## Activity
Would you write out each line of the material below exactly, skipping every picture?

## Provided material
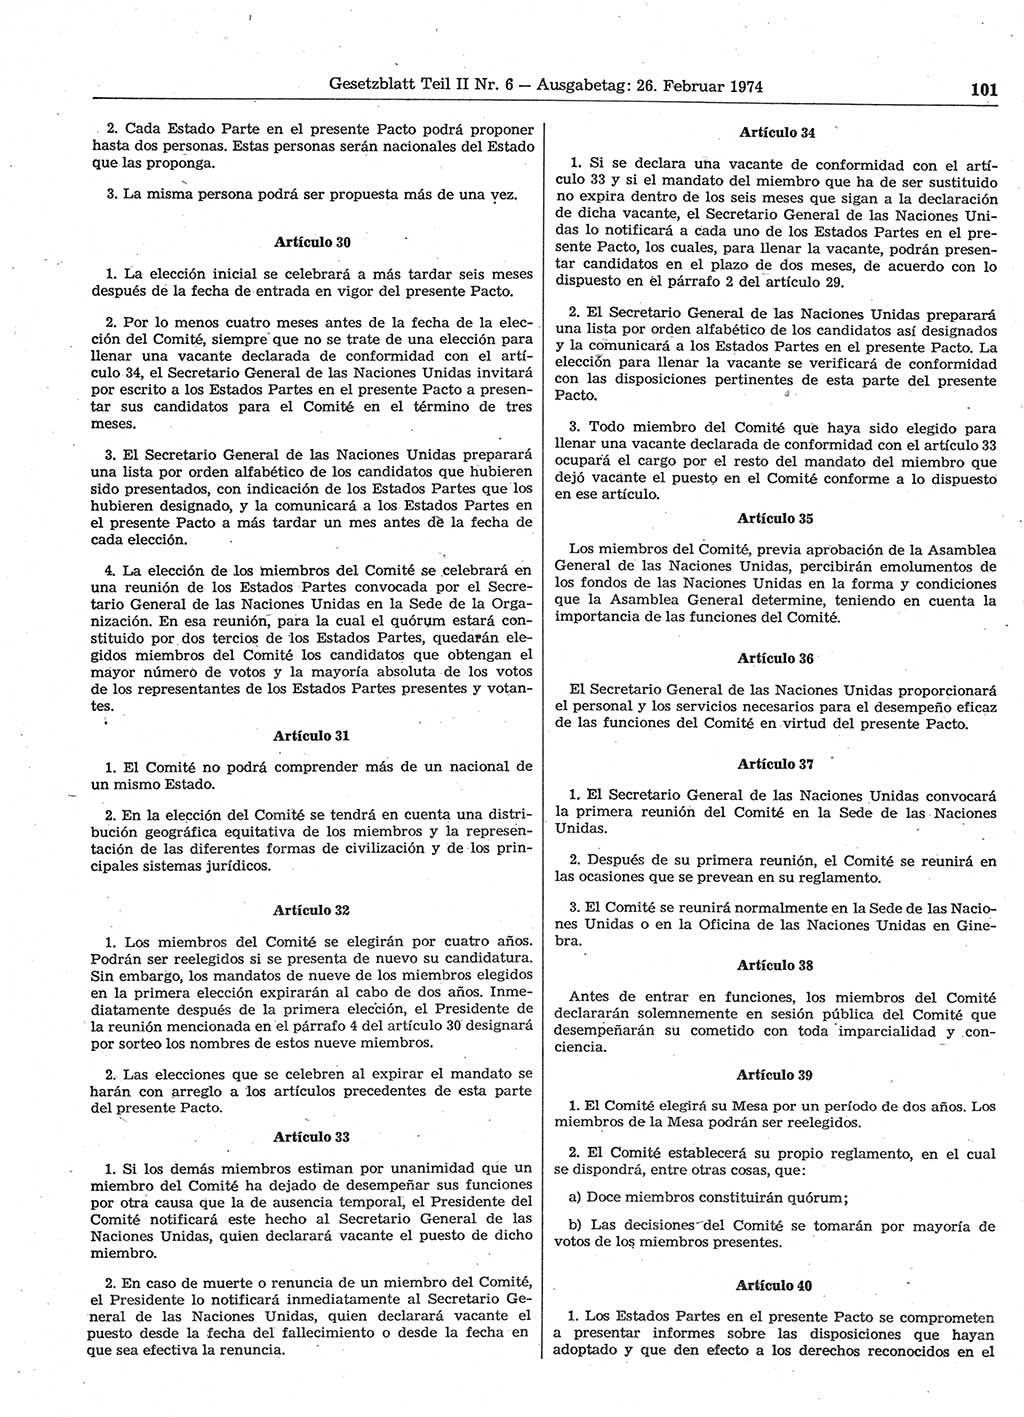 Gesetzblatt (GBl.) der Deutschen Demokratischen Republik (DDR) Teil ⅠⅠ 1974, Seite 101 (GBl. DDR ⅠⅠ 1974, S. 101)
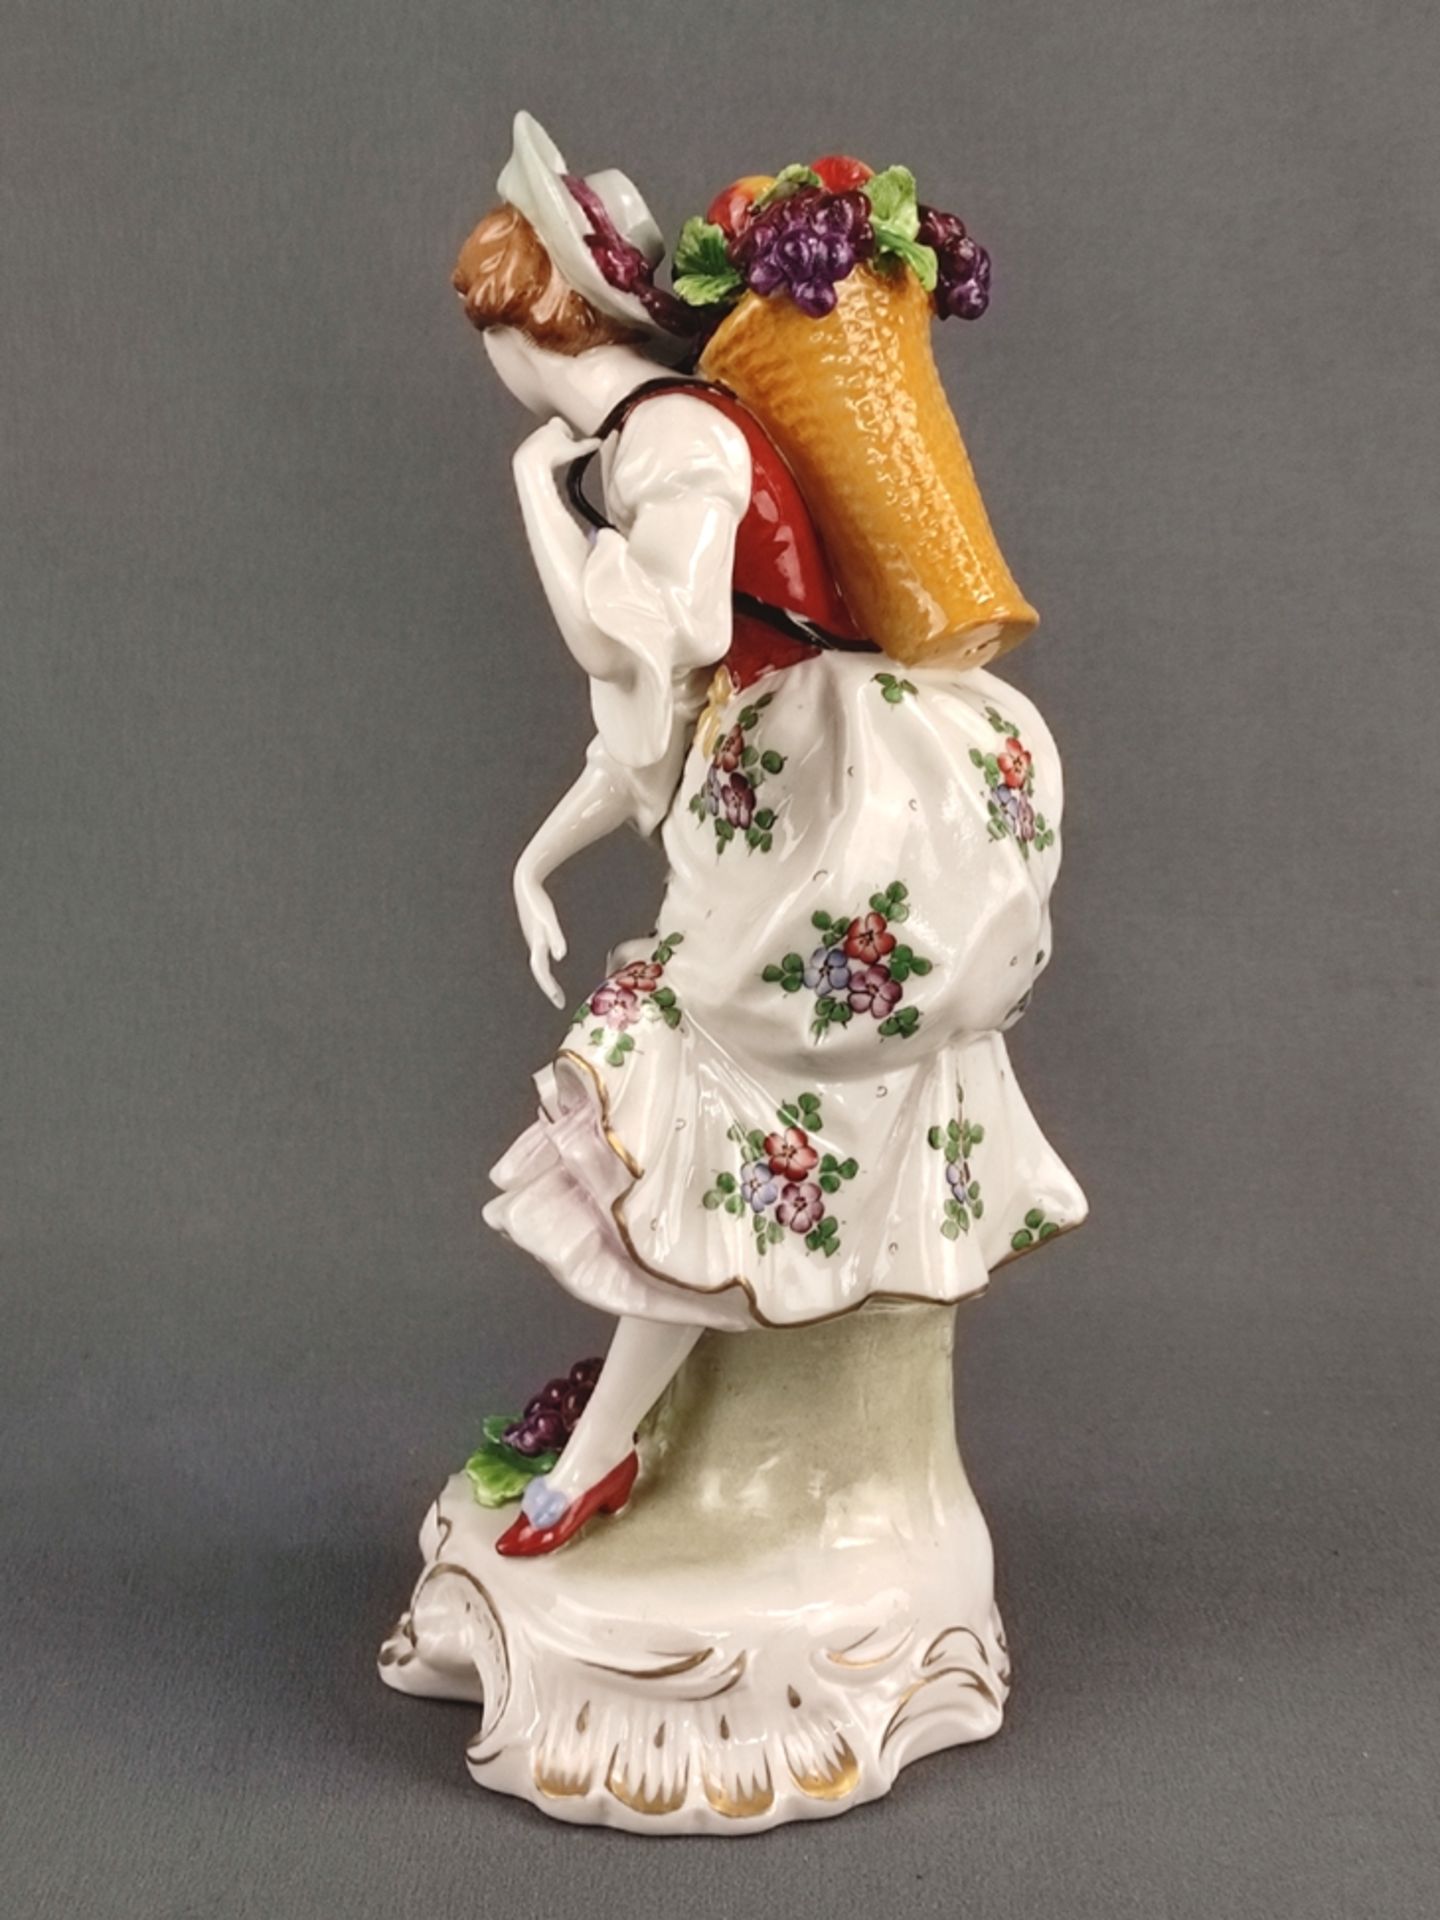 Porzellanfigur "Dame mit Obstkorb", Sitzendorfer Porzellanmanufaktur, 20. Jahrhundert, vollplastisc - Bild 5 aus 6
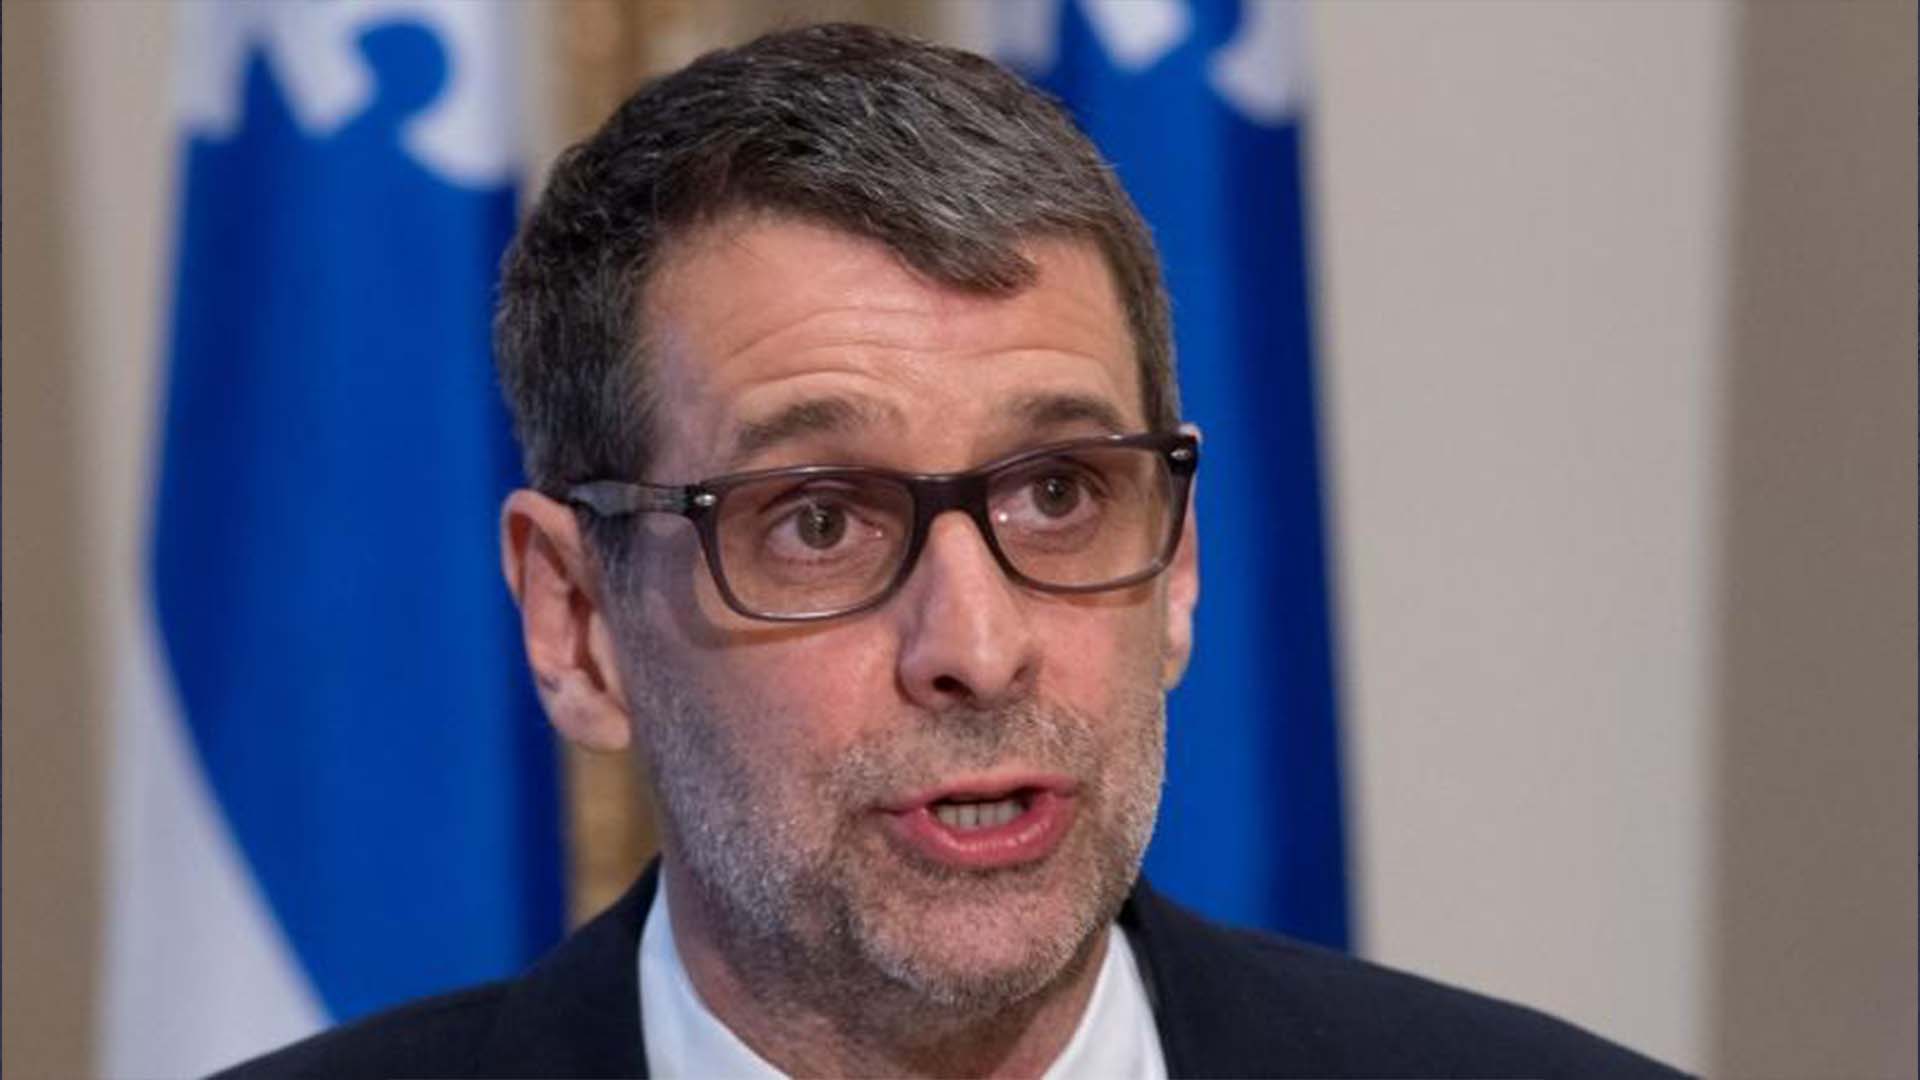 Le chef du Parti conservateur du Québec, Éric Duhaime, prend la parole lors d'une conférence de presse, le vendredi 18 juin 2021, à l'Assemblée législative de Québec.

## Task response
 Gesetzblatt (GBl.) der Deutschen Demokratischen Republik (DDR) Teil ⅠⅠ 1974, Seite 101 (GBl. DDR ⅠⅠ 1974, S. 101)
 Porzellanfigur "Dame mit Obstkorb", Sitzendorfer Porzellanmanufaktur, 20. Jahrhundert, vollplastisc - Bild 5 aus 6
 Le chef du Parti conservateur du Québec, Éric Duhaime, prend la parole lors d'une conférence de presse, le vendredi 18 juin 2021, à l'Assemblée législative de Québec.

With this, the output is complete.